Provided records>
────

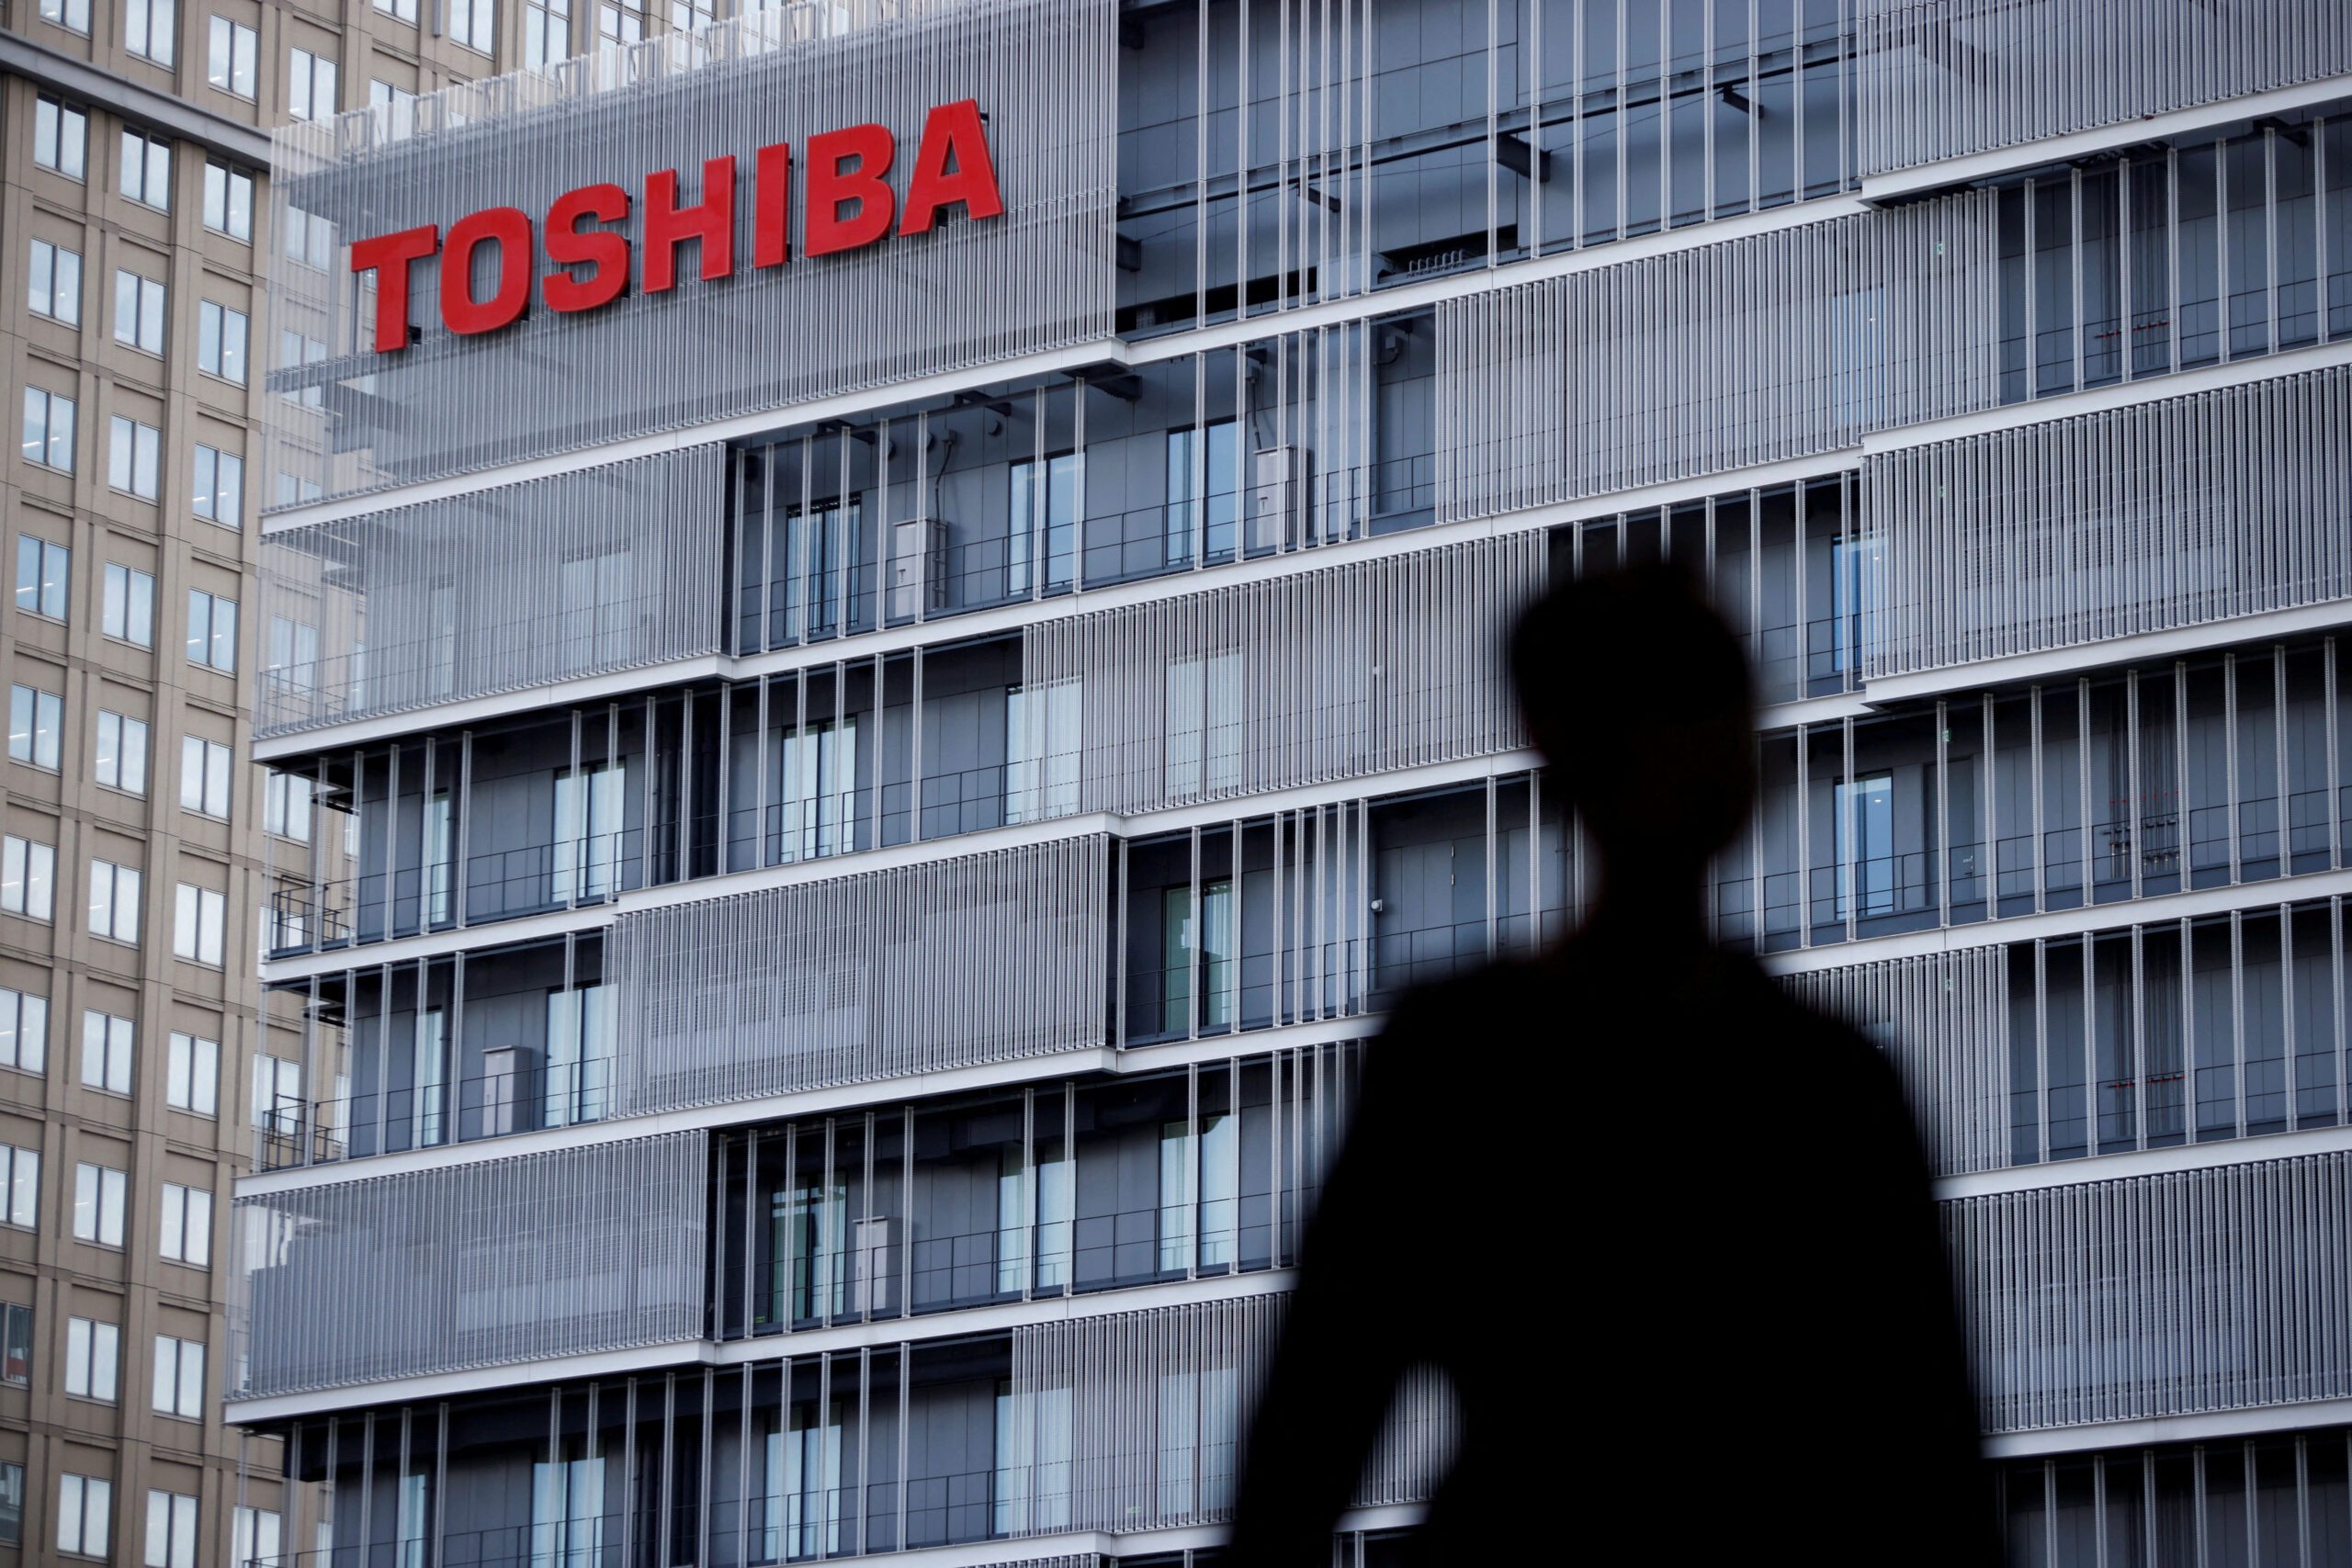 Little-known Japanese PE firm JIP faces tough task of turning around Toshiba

────

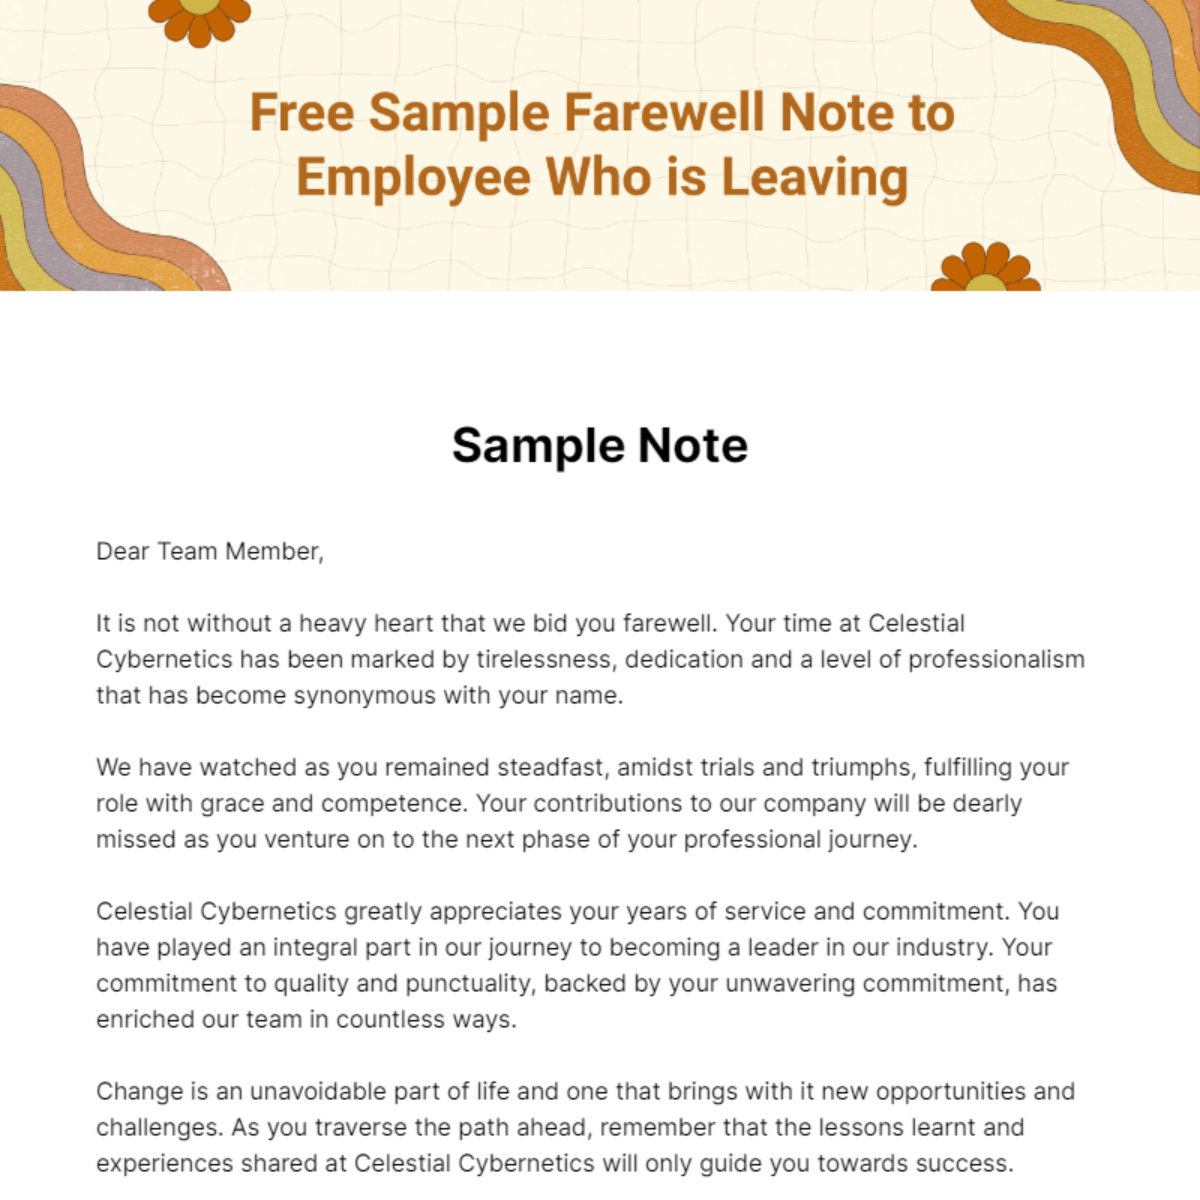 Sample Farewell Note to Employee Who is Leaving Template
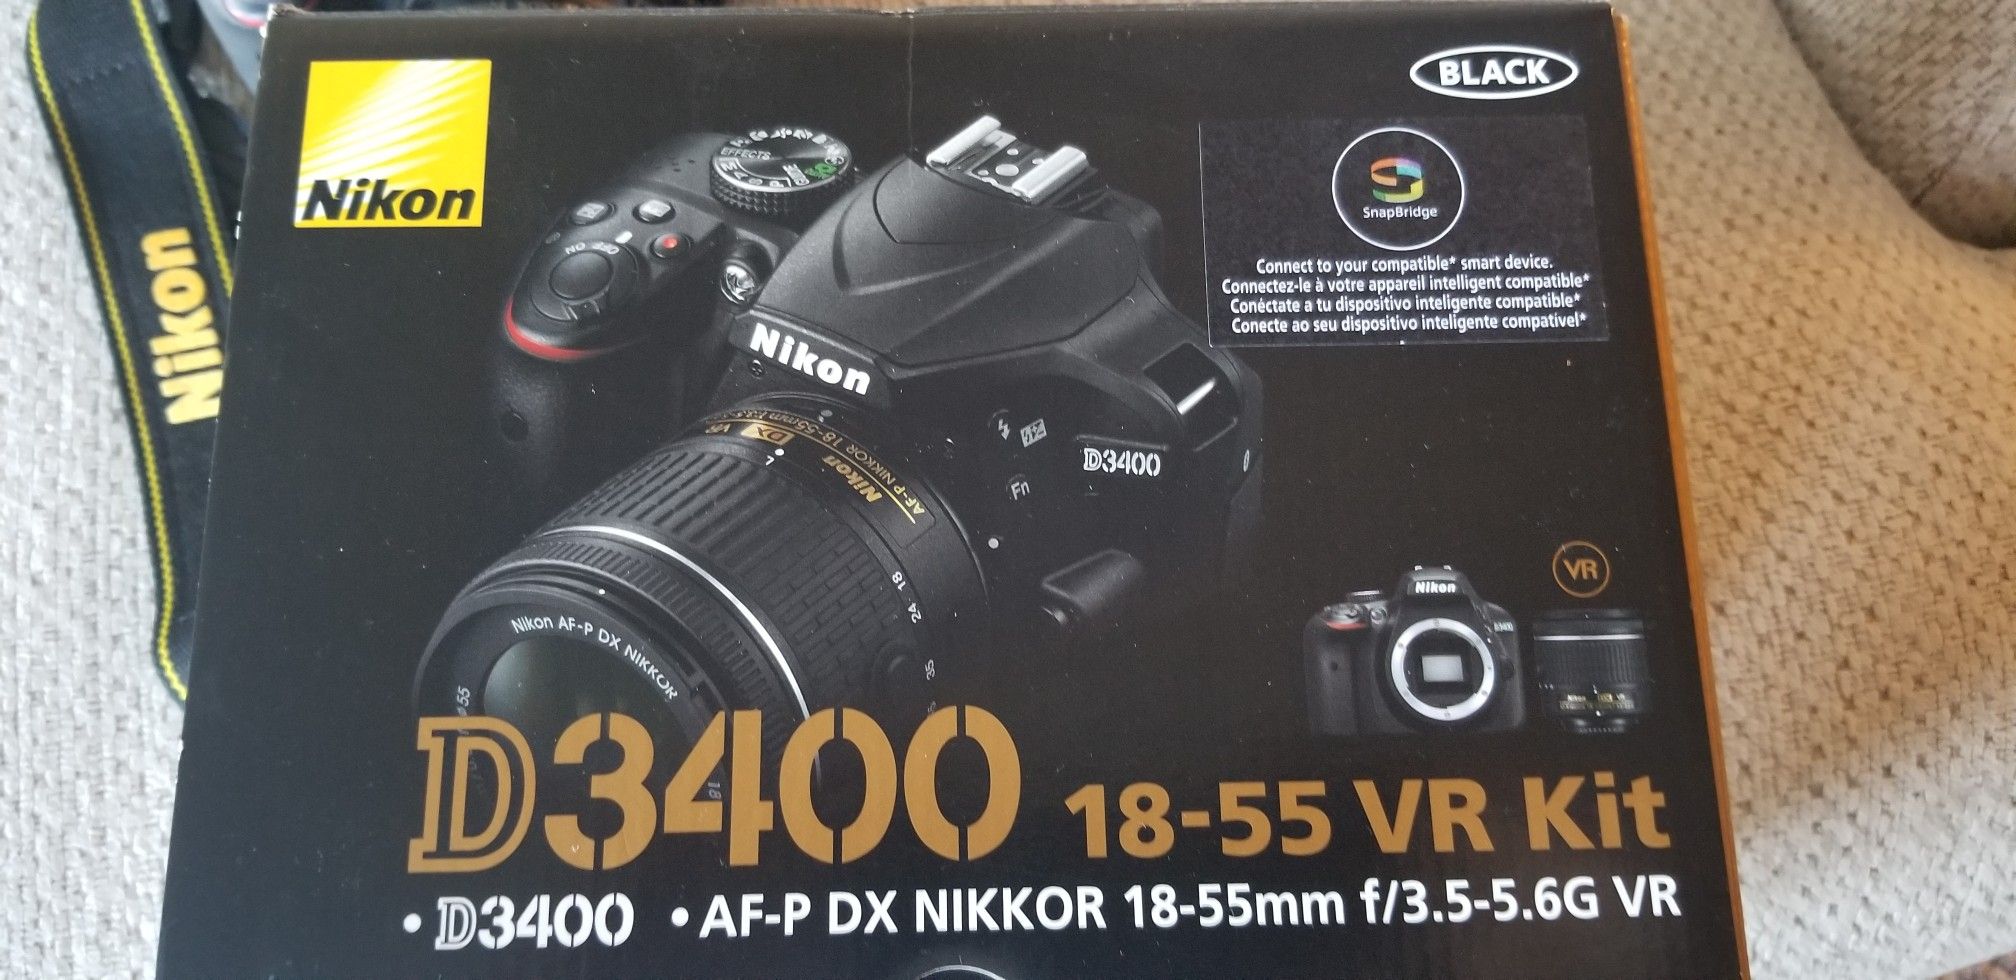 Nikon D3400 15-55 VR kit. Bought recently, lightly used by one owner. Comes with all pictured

────

Exercise> Write down exactly what the lines above say, from the line holding "Sample Farewell Note" through the line holding "Nikon D3400 15-55", and nothing more. Do not copy the pictures.

Answer space>
 Sample Farewell Note to Employee Who is Leaving Template
 Nikon D3400 15-55 VR kit. Bought recently, lightly used by one owner. Comes with all pictured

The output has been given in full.